It can be seen from Fig. 3 panel B, however, that the Z-distributions obtained by the RS approach from the observed and the first simulated data sets and the simulated T distribution (the null distribution) are almost overlapped with each other. This is also shown in. Fig. 4 panels C and D where the Z*-values were obtained by the RS approach from the second and third simulation data sets and the Z- values from the first simulation data set. The similar results to those shown in Fig. 4 panels C and D were obtained in the case of sample size = 6. These results strongly suggest that the Z-distribution, as an empirical distribution, produced by the RS approach is a desirable approximation of the null distribution and in particular it is independent of treatment effect or sample size, which is essential for the rank-test.

Estimate of FDR

Since it is generally unknown if a given gene expresses differently in two different conditons, it is not necessarily best to use real data of gene expression to evaluate a FDR estimator.
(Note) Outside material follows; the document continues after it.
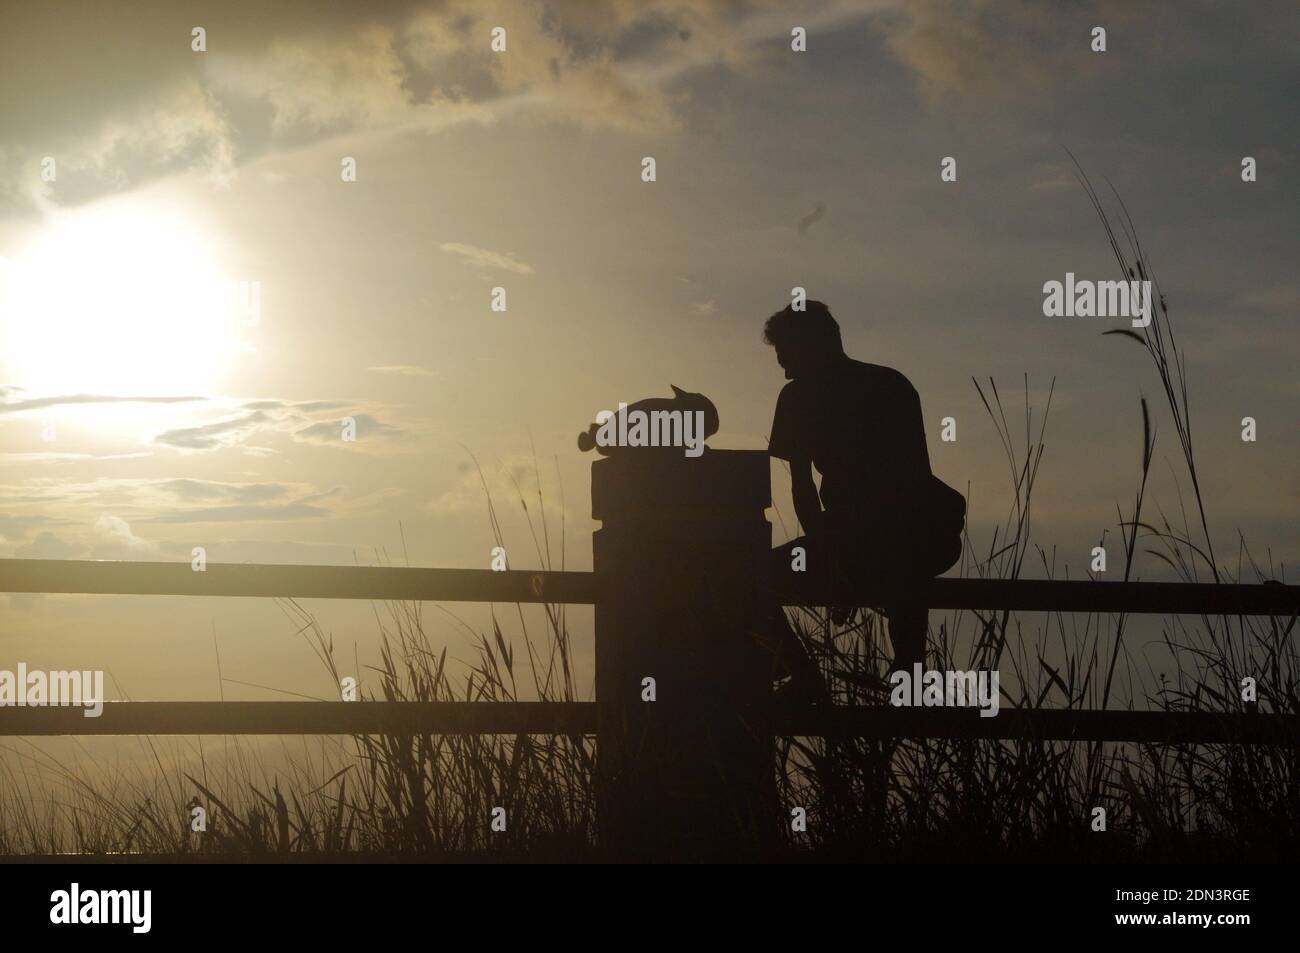 Silhouette Man Sitting On Railing Against Sky During Sunset Stock Photo

Therefore, we also conducted a computer simulation for comparing expression status (significance or insignificance) of a gene identified by a method with its real status. In this simulation study, we also generated two data sets of 3000 genes where treatment effect values of 10R were randomly assigned to 10% and 30 % of the genes, respectively, and sample size was set to be 6 replicates. This simulation procedure was iterated 20 times. Four criteria, i.e., absolute average, maximum and minimum, and variance of differences between the estimated and true numbers of the false discoveries across all FD(i)% ≤ λ obtained from these 20 two-sample simulated data sets were used to assess an estimator. We set λ = 40, 30, 20, 10, and 5%. Table 1 summarizes the results obtained by applying RAM and SAM (the software comes from http://www-stat.stanford.edu/~tibs/SAM/) to these simulated data sets in the situations of 10% and 30% of the genes given effect values of 10R, respectively. These results shown in Table 1 clearly indicate that the RAM estimator has a much better accuracy in estimating FDR than the SAM estimator. In particular, for FDR of 5%, which is an important threshold value in practice, the RAM’s estimate is, on average, 0.65 false discoveries with variance <1, and variation interval of 1~3 false discoveries whereas SAM estimate is, on average, about 2 false discoveries with variance larger than 6 and variation interval of 7 false discoveries. Fig. 2 shows the whole profile of the RAM’s estimates of FDRs over all given thresholds based on the second simulation data set. In this profile, the estimated and true curves are well agreed, suggesting that the RAM’s estimate is reliable.

Table 1.

Difference between the estimated and true false discoveries at FDR [FD]% ≤ λ obtained by SAM and RAM from the simulated microarray data of 3000 genes.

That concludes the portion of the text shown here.